What is the cardinality of a transcendence basis of $\mathbb{C}$ over $\mathbb{Q}$?

Question

What is the cardinality of a transcendence basis of $\mathbb{C}$ over $\mathbb{Q}$? Is it that of the continuum? Proof?

Answer 1

If $S$ has infinite cardinality $\kappa$, then $|\mathbb Q(S)|=\kappa$. And if $|F|=\kappa$, then $|F[X]|=\kappa $ and finally $|\bar F|=\kappa$. Therefore we need exactly $\kappa=2^{\aleph_0}$ if we want $\overline{\mathbb Q(S)}=\mathbb C$.

Answer 2

(Assume the axiom of choice)

If $V$ is a vector space over $F$, and $B$ is a basis for $V$, and at least $B$ or $F$ are infinite, then every $v\in V$ is identified with a unique finite function which is a subset of $F\times B$. Namely, the unique decomposition of $v$ to non-zero scalars and basis elements.
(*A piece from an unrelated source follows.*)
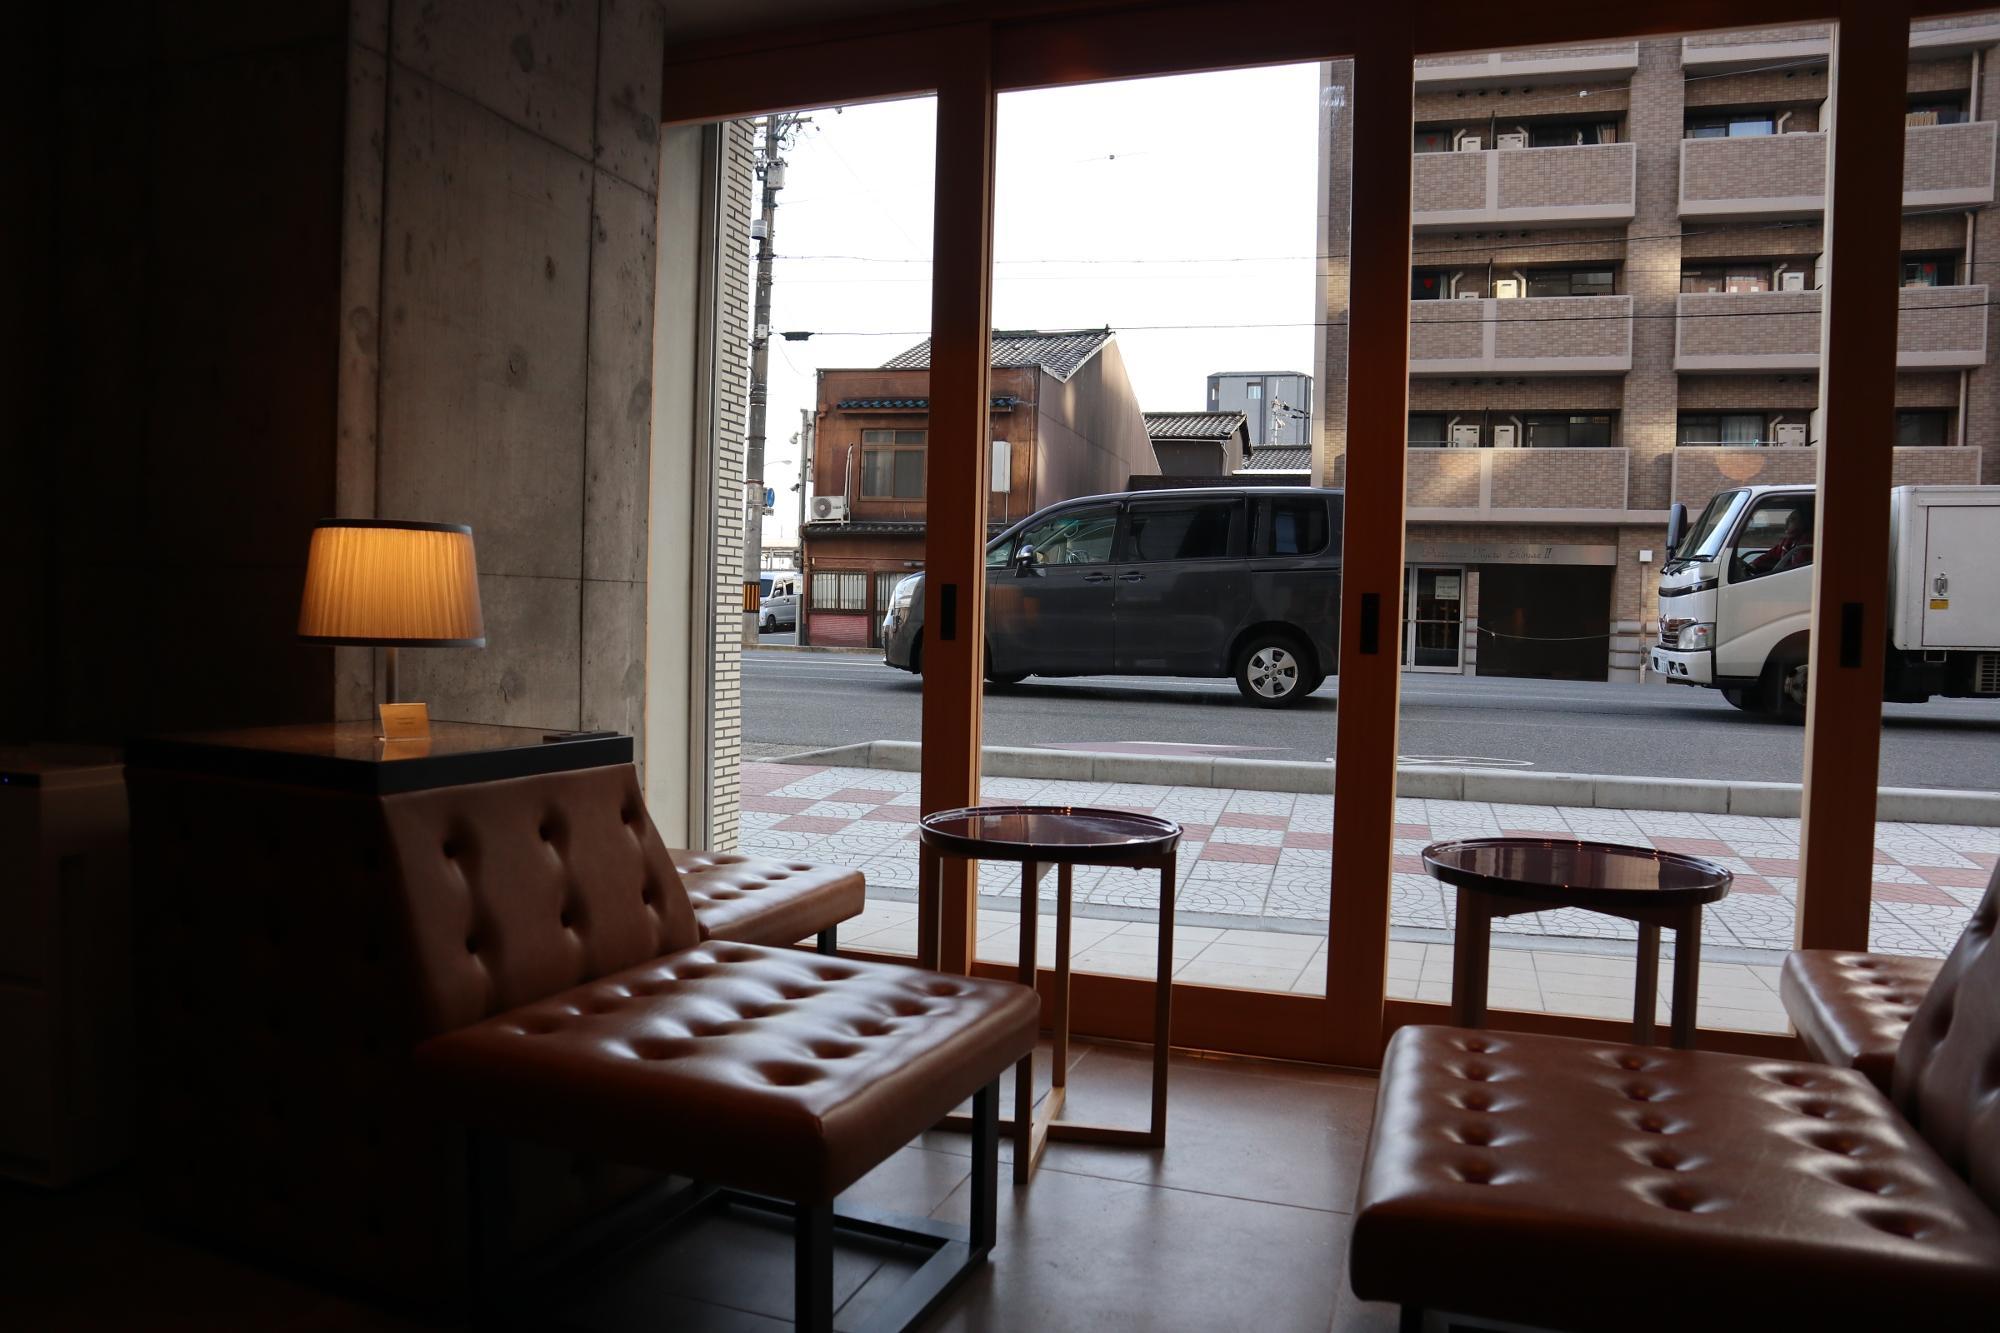 穏やかな時間がながれるカフェで
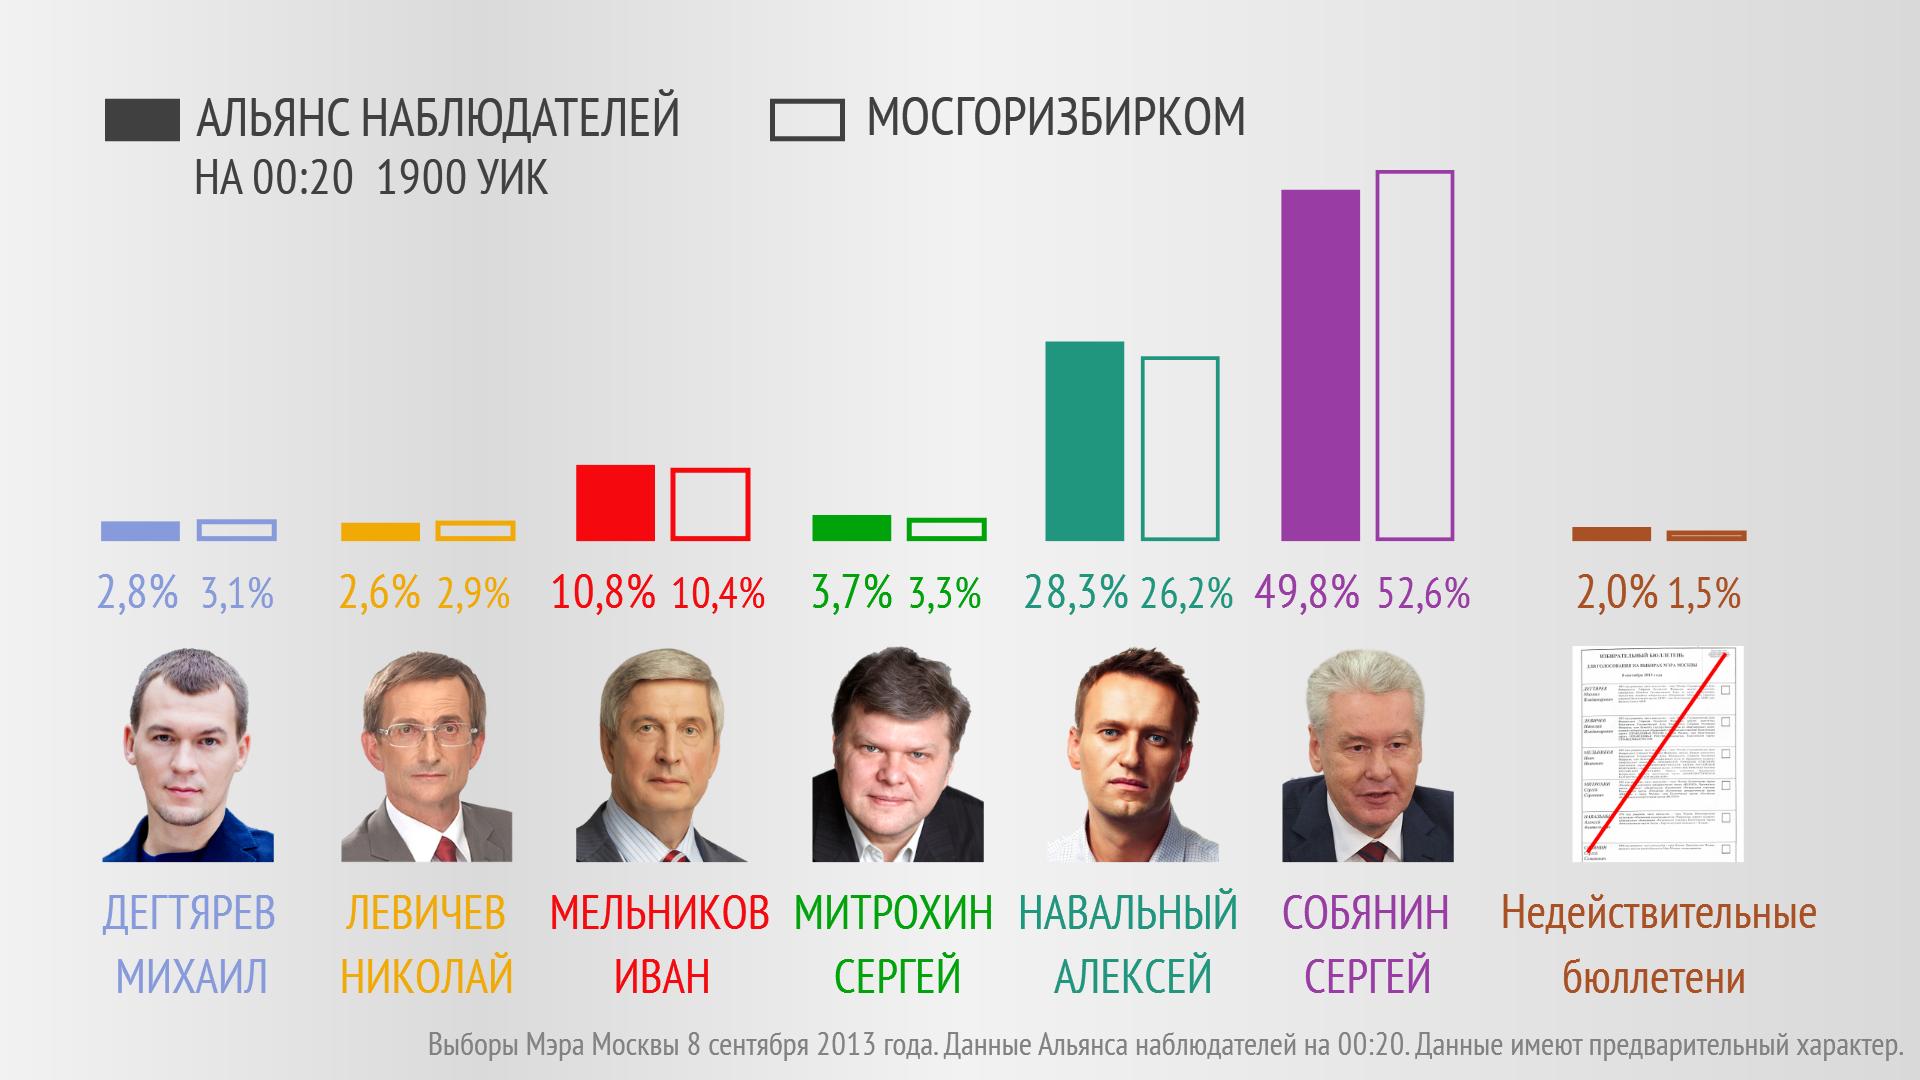 Выборы мэра москвы временная регистрация готовая медицинская книжка купить

We therefore have that $|V|\leq |F\times B|^{<\omega}=|F\times B|=\max\{|F|,|B|\}$, and on the other hand $|F|\leq|V|$ and $|B|\leq|V|$, therefore: $$\max\{|F|,|B|\}\leq|V|\leq\max\{|F|,|B|\}\implies |V|=\max\{|F|,|B|\}$$

Apply this to the case of $\mathbb Q$ and $\mathbb C$, we have that $|\mathbb C|=2^{\aleph_0}$ and therefore the basis has to have size $2^{\aleph_0}$.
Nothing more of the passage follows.